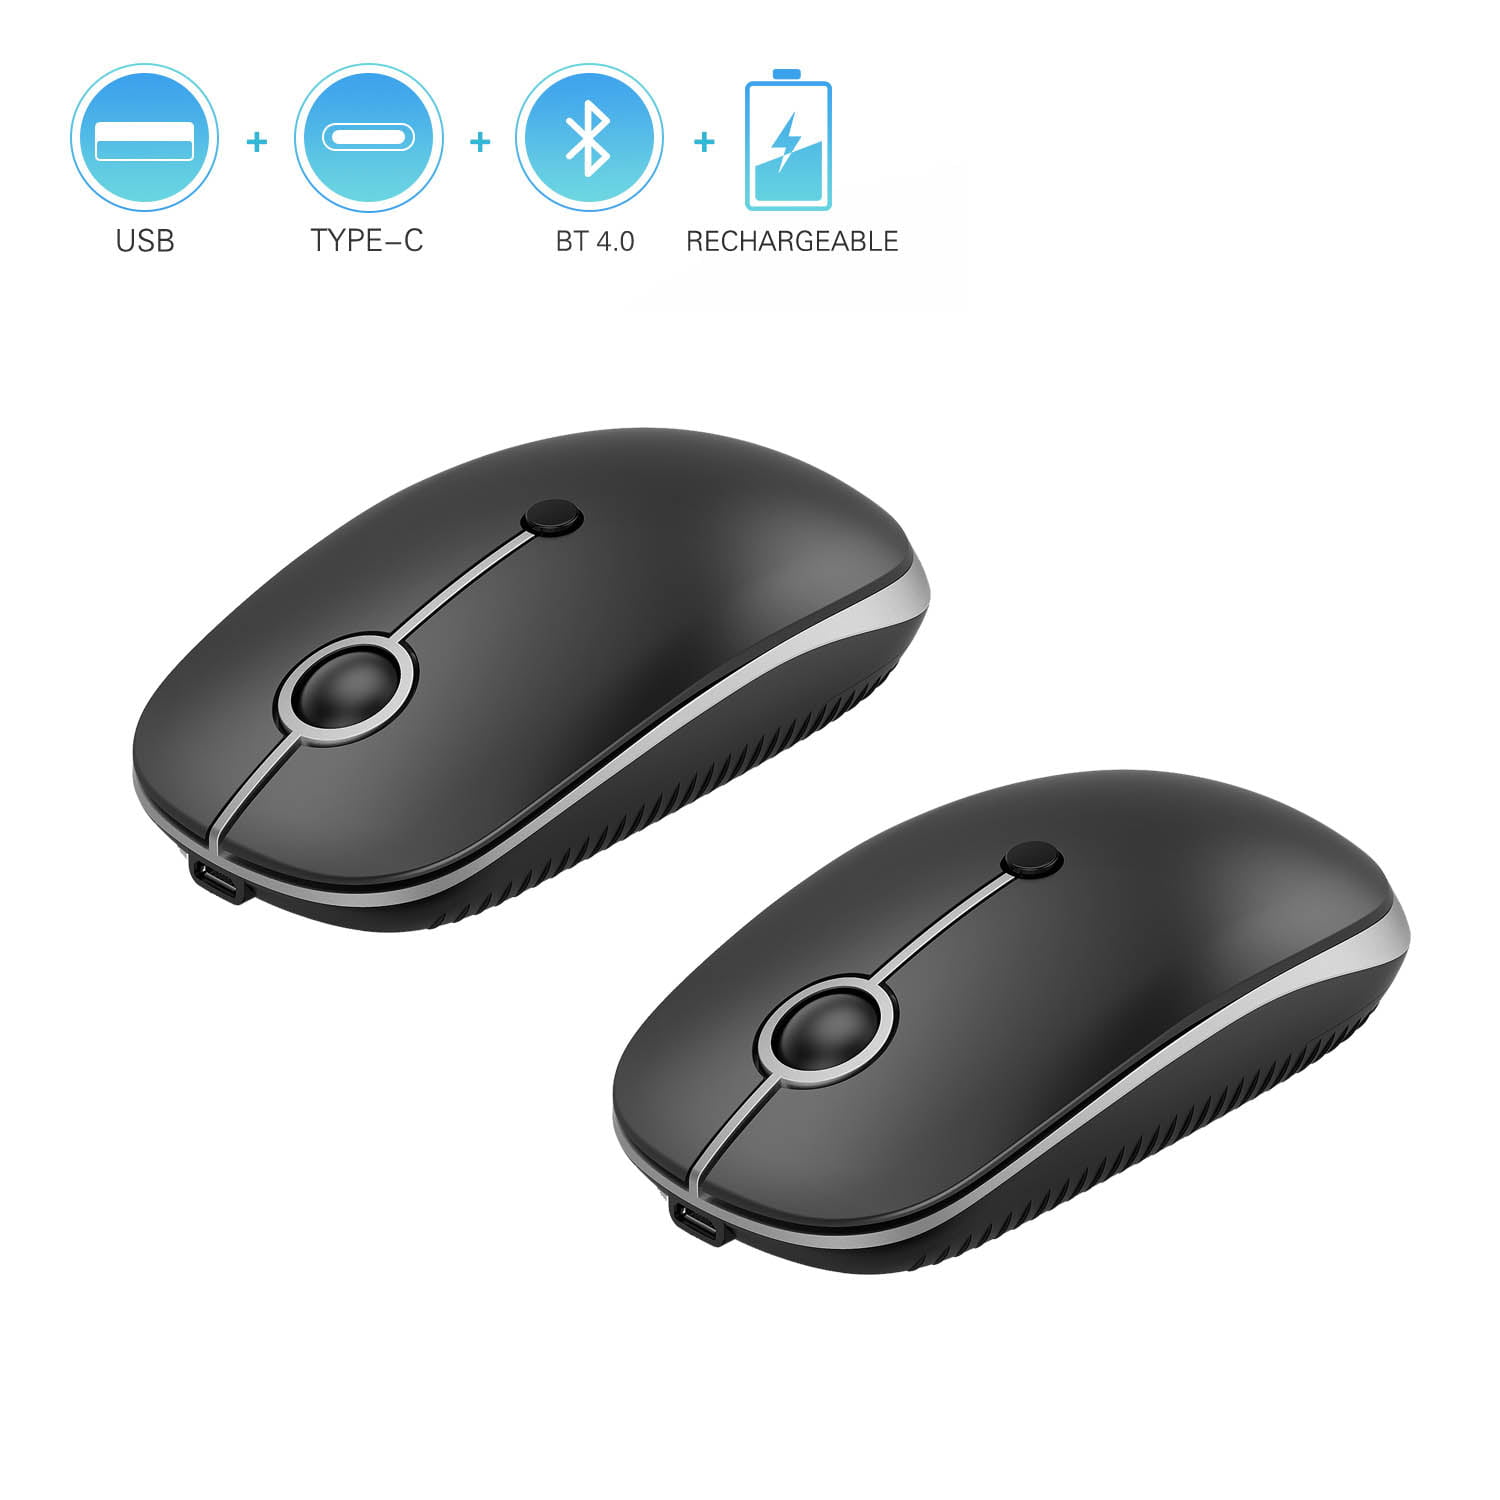 Dachshund Dog Bones 2.4G Wireless Mouse with Cute Pattern Design for All Laptops and Desktops with Nano Receiver
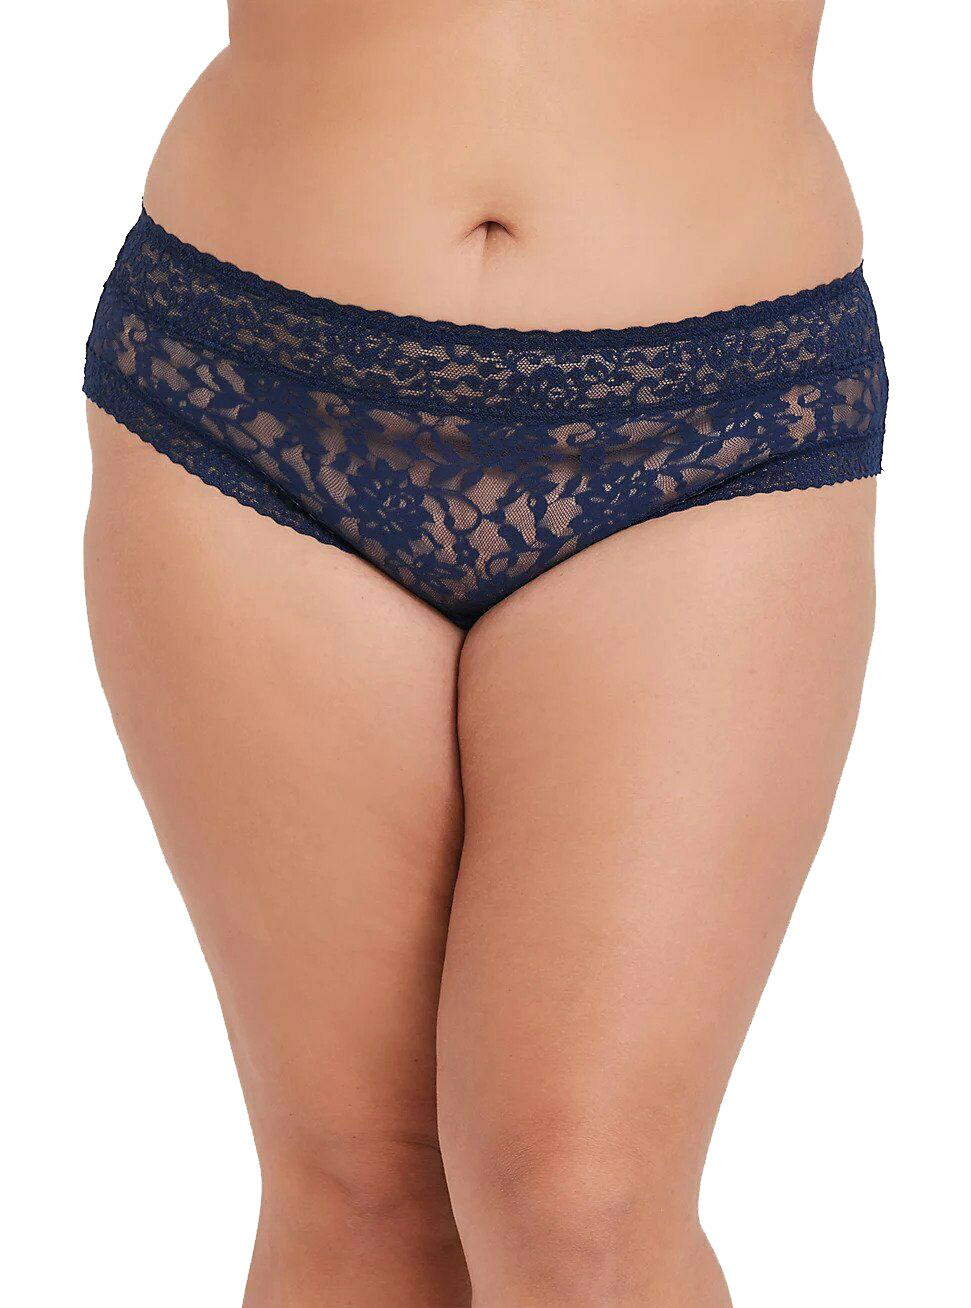 French Daina 4XL-5XL Signature Lace Hipster panty
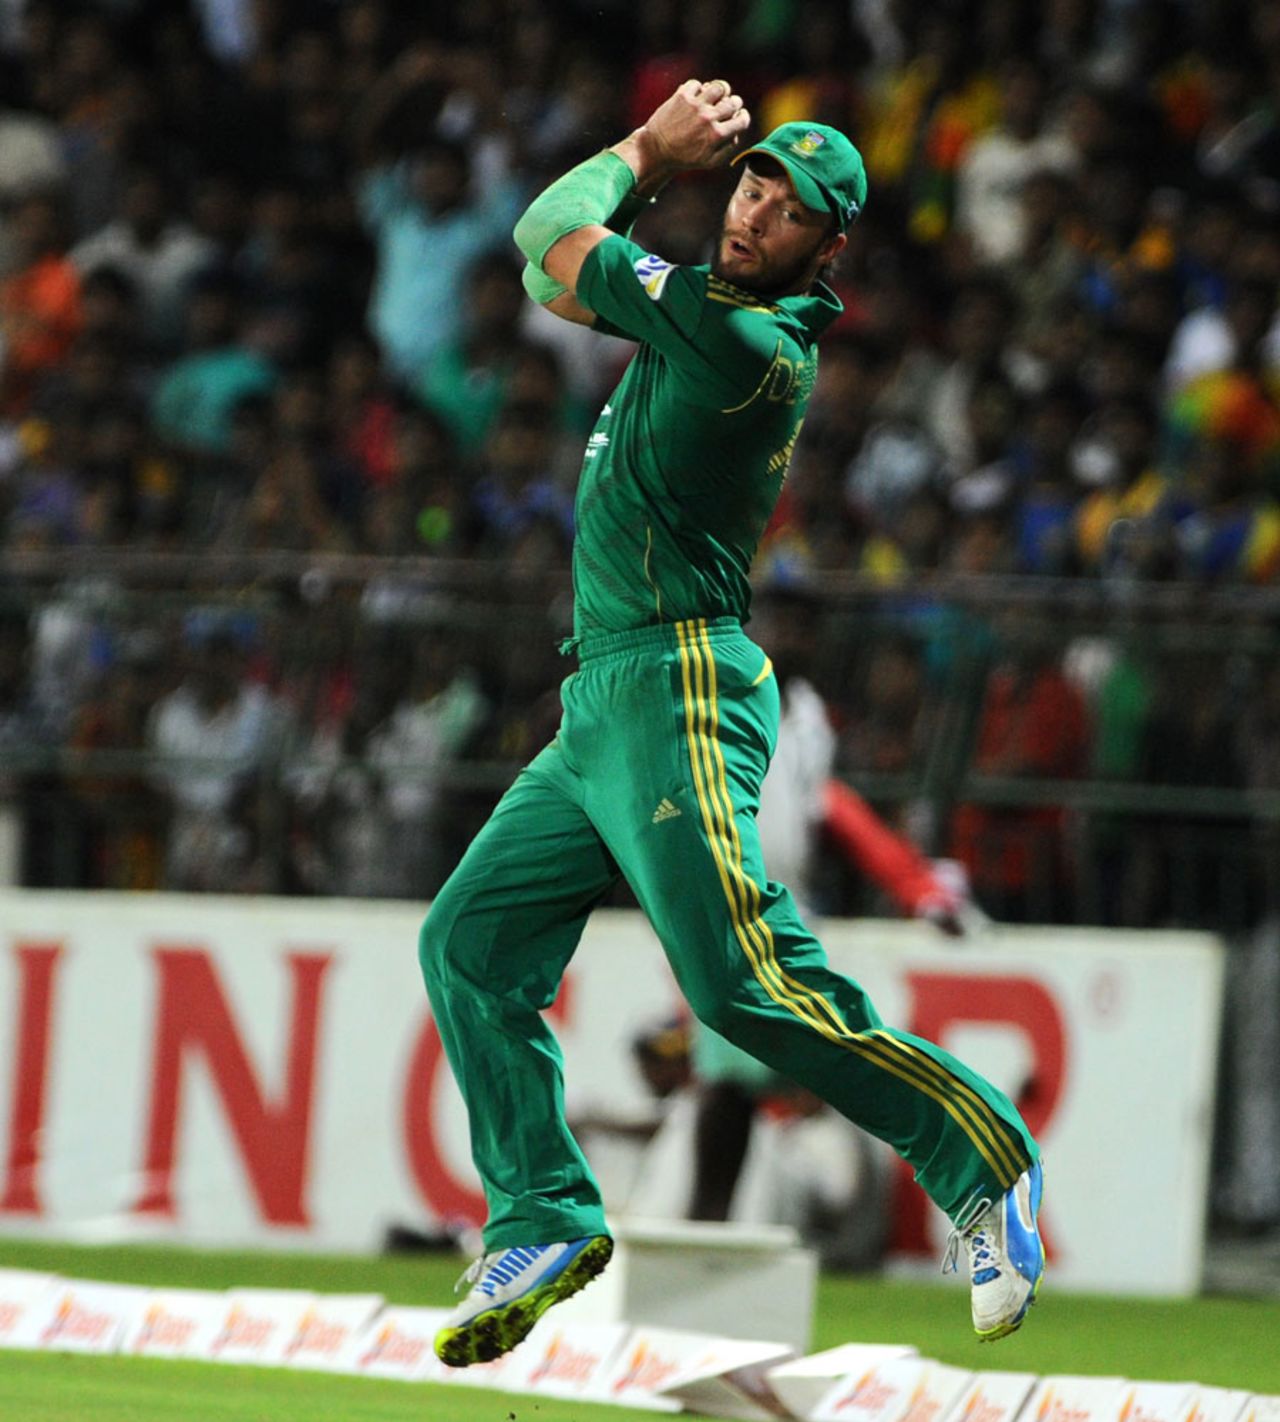 AB de Villiers takes a catch at the boundary, Sri Lanka v South Africa, 1st T20, Colombo, August 2, 2013
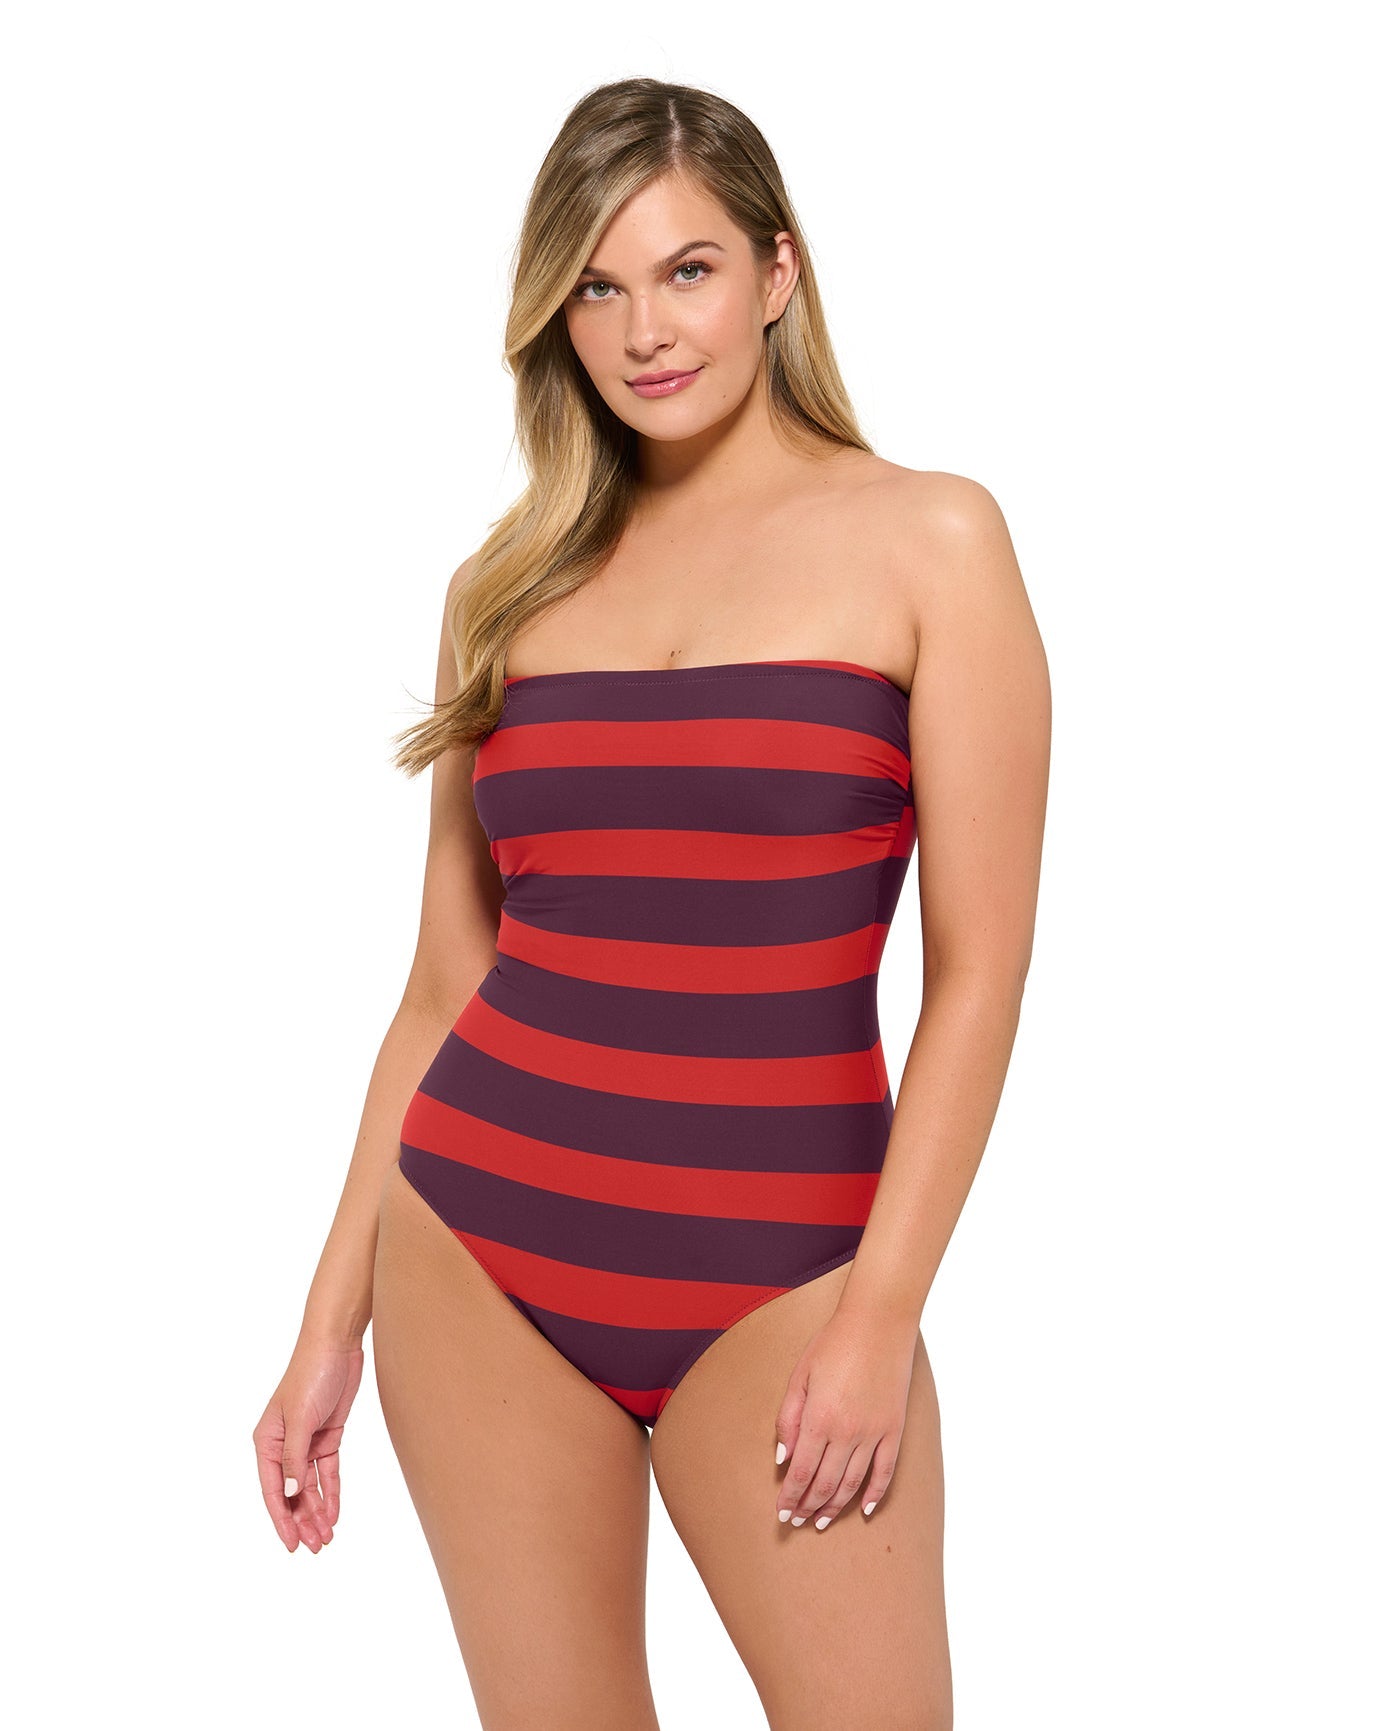 Front View Of Gottex Roses Are Red Dd-Cup Bandeau One Piece Swimsuit | Gottex Roses Are Red Stripes

▸ **Exercise description**
Transcribe all the lines above exactly, apart from the pictures.

▸ **Answer box**
 Dachshund Dog Bones 2.4G Wireless Mouse with Cute Pattern Design for All Laptops and Desktops with Nano Receiver
 French Daina 4XL-5XL Signature Lace Hipster panty
 AB de Villiers takes a catch at the boundary, Sri Lanka v South Africa, 1st T20, Colombo, August 2, 2013
 Front View Of Gottex Roses Are Red Dd-Cup Bandeau One Piece Swimsuit | Gottex Roses Are Red Stripes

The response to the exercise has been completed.